EXERCISE OBJECTIVE: Copy out word for word the line with "Unframed, matted archivally" and the lines that follow it in the listing below, up to the final one.

INFORMATION:
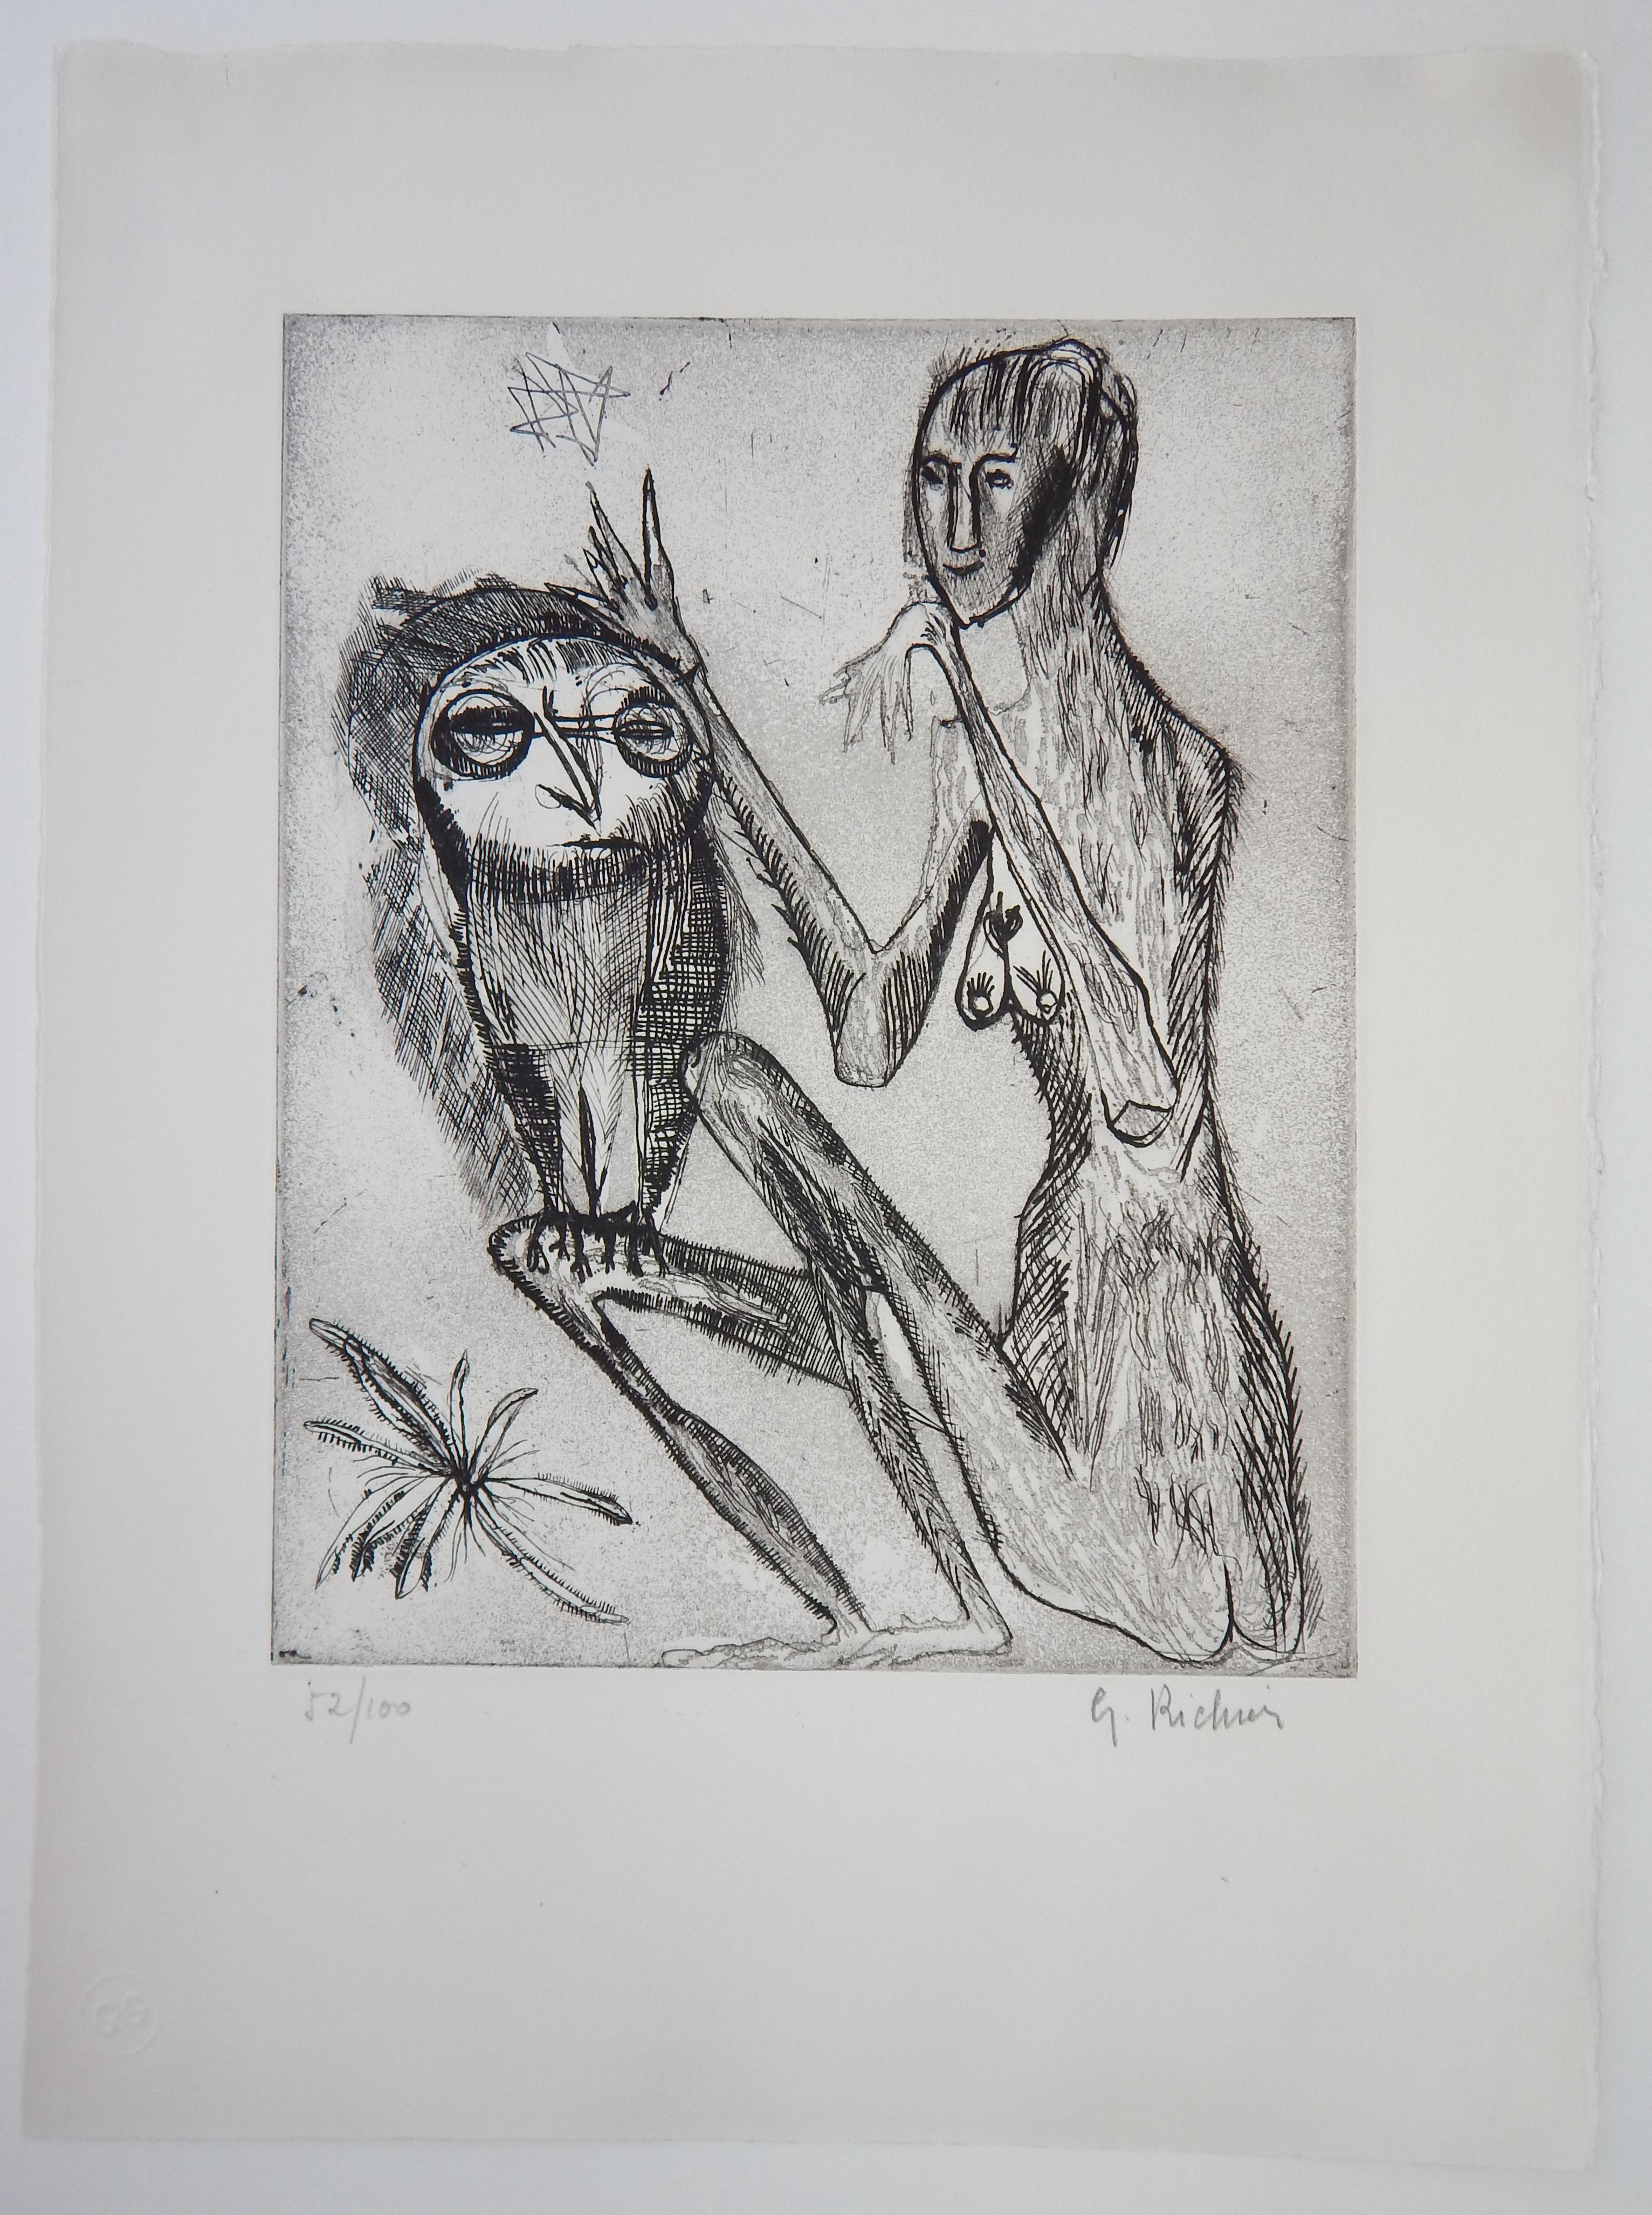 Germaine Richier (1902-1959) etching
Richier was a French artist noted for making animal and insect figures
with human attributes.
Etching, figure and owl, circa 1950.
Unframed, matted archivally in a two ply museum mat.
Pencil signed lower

TASK SOLUTION:
Unframed, matted archivally in a two ply museum mat.
Pencil signed lower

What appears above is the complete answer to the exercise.